Authors: David Wessel
The reference wouldn’t have raised an eyebrow in one of his old seminar rooms, but Bernanke wasn’t at Princeton any longer. Bond traders quickly derided him as Helicopter Ben, prompting political cartoons and blog ridicule. One faux ad circulated on the Internet showed a bald, bearded Ben Bernanke action figure in camouflage, getting into a yellow plastic helicopter with a satchel of currency. “Now YOU can drop money out of a helicopter,” it said. But the helicopter line had a more serious effect, prompting bond traders to suspect that Bernanke might be soft on inflation. And that led others to worry that, to erase that perception, he might be tempted to be stingier with credit than he otherwise thought necessary in order to establish his credentials as an inflation fighter.
The metaphor would reappear — appropriately — when the Fed confronted the circumstances that Milton Friedman had envisioned and responded aggressively to the Great Panic. “Big Ben Fires Up the Choppers,” read a
Forbes
December 2008 headline.
Bernanke’s initial appointment to the Fed was for a term that extended to January 31, 2004. In late 2003 he was nominated and confirmed for a full fourteen-year term. About then, Bernanke decided he would stay in Washington more than the couple of years initially planned. Princeton extended his leave of absence. He and Anna sold their house ten minutes from the Princeton campus and bought a town house on Capitol Hill. If he needed any personal evidence of the housing boom, he had only to track his former residence: the Bernankes sold the New Jersey house in June 2004 for $630,000; sixteen months later, it sold again — for $781,000.
In May 2005, in his third year as a Fed governor, Bernanke was still ruminating like an academic economist, not like a man ready to take the controls from Greenspan. His academic training had not included contemplating the month-to-month movements in the economy, a shortcoming he acknowledged publicly. “A part of monetary policymaking for which my background left me imperfectly prepared is what central bankers call ‘current analysis’ …

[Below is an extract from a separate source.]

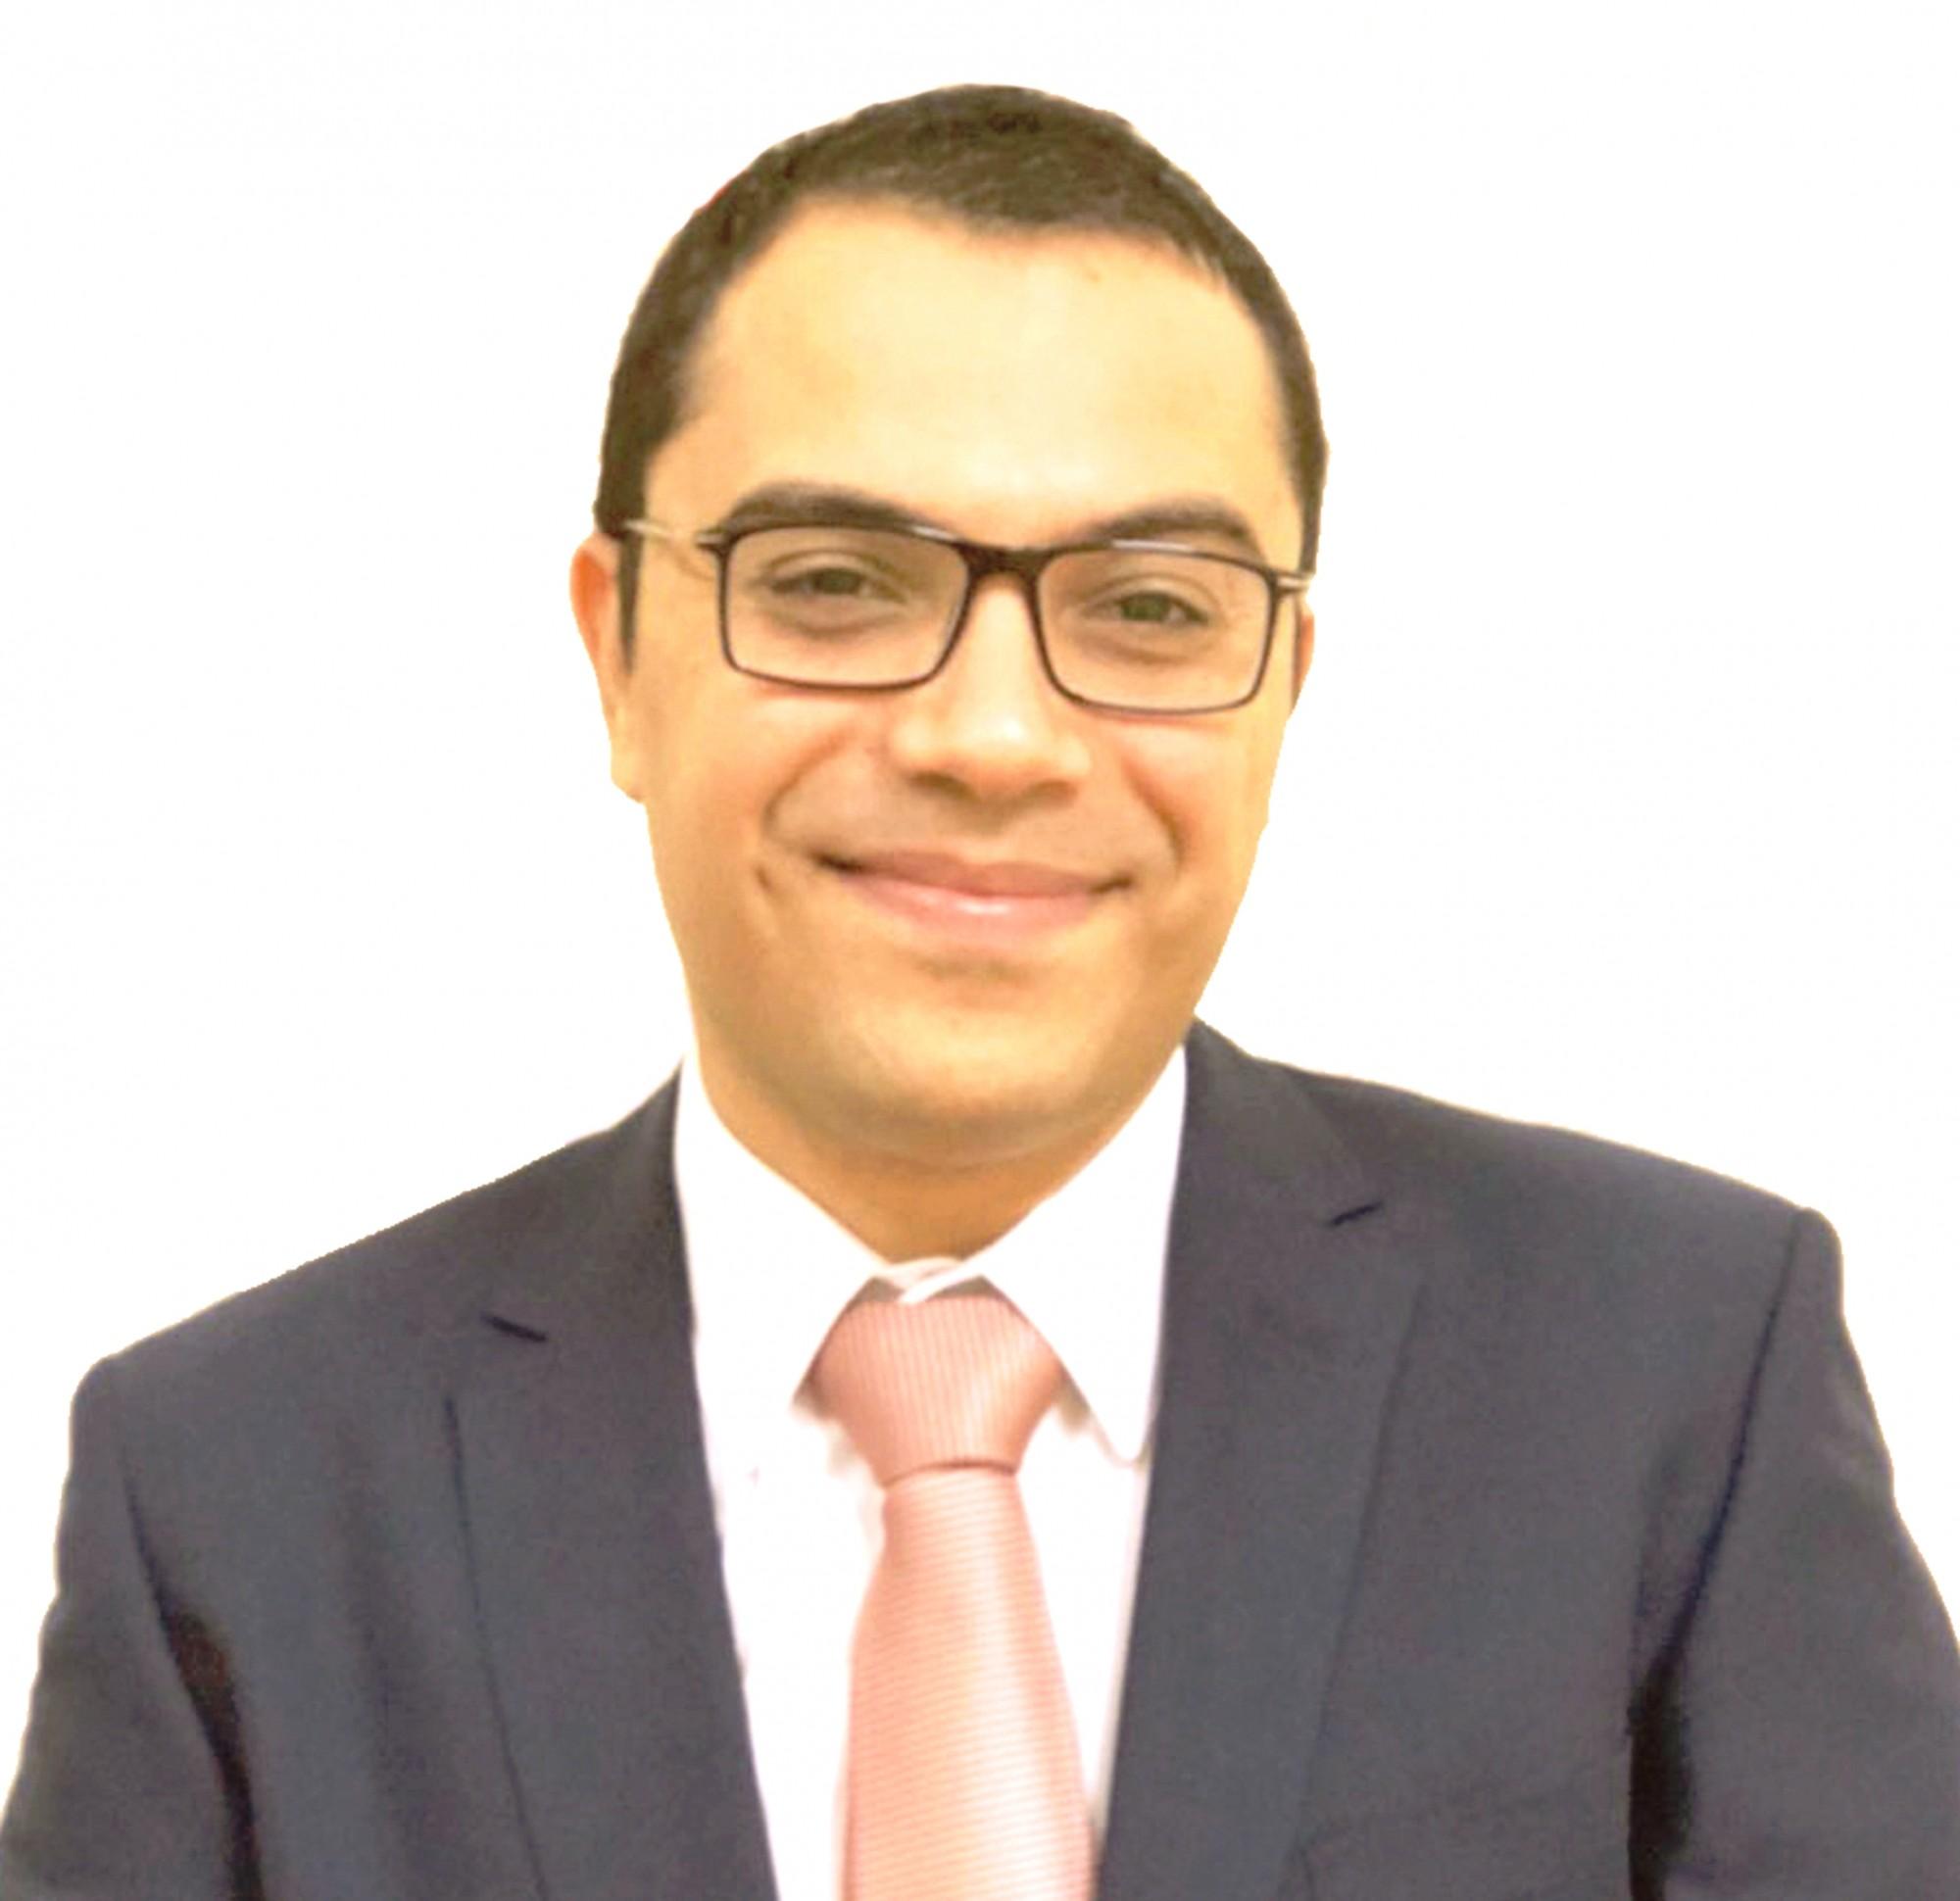 Sam Ibrahim

getting an accurate assessment of the current economic situation,” the synthesis of data, anecdotes, and judgments “to construct a ‘story’ about how the economy is evolving,” he said, contrasting himself to Greenspan, with a public humility that the elder man rarely displayed. “Current analysis is not taught in graduate school, probably for good reason; it seems more amenable to on-the-job training. … It is, nevertheless, an intellectually challenging activity — analogous, it seems to me, to the efforts of a detective to reconstruct a sequence of events from a range of diverse and subtle clues — and I have enjoyed the opportunity to become more proficient at it.”
The candor was disarming, perhaps admirably so. But it was the kind of comment that sowed doubts among Fed watchers that Bernanke had the Greenspan touch for knowing just when to tap the monetary brakes and when to wait. Nonetheless, the doors kept opening for him.
When Greg Mankiw decided to leave the chairmanship of the Council of Economic Advisers (CEA) to return to Harvard, Bernanke was high on the list of potential successors. Perhaps because the CEA post has more cachet among academic economists than among the power-hungry in Washington or the Fed-fixated on Wall Street, perhaps because being a Fed governor in the Greenspan years was like being in a gilded cage, Bernanke was interested in the change. Just as important, the job offered Bernanke an important step toward succeeding Greenspan: an opportunity to get close to Bush.
Greenspan himself had served as chairman of Ford’s CEA, the three-member panel created by Congress in 1946 to provide economic advice to the president. Janet Yellen, now president of the Federal Reserve Bank of San Francisco, had left the Fed board to serve as Clinton’s chairman. The introverted Bernanke nearly missed out on his opportunity, flunking his first few interviews for the job. Al Hubbard, the president’s buddy and economic coordinator, initially thought Bernanke too low key, too bashful, too hard to relate to. That impression was eventually dashed when Hubbard began working closely with Bernanke and as he watched Bush take to him.
During his short, seven-month tenure at the White House, Bernanke’s primary accomplishment was establishing a rapport with the president, but on that point, he scored a major success. Bush tended to be uncomfortable with professorial advisers. However, in briefings, Bernanke was clear and understandable.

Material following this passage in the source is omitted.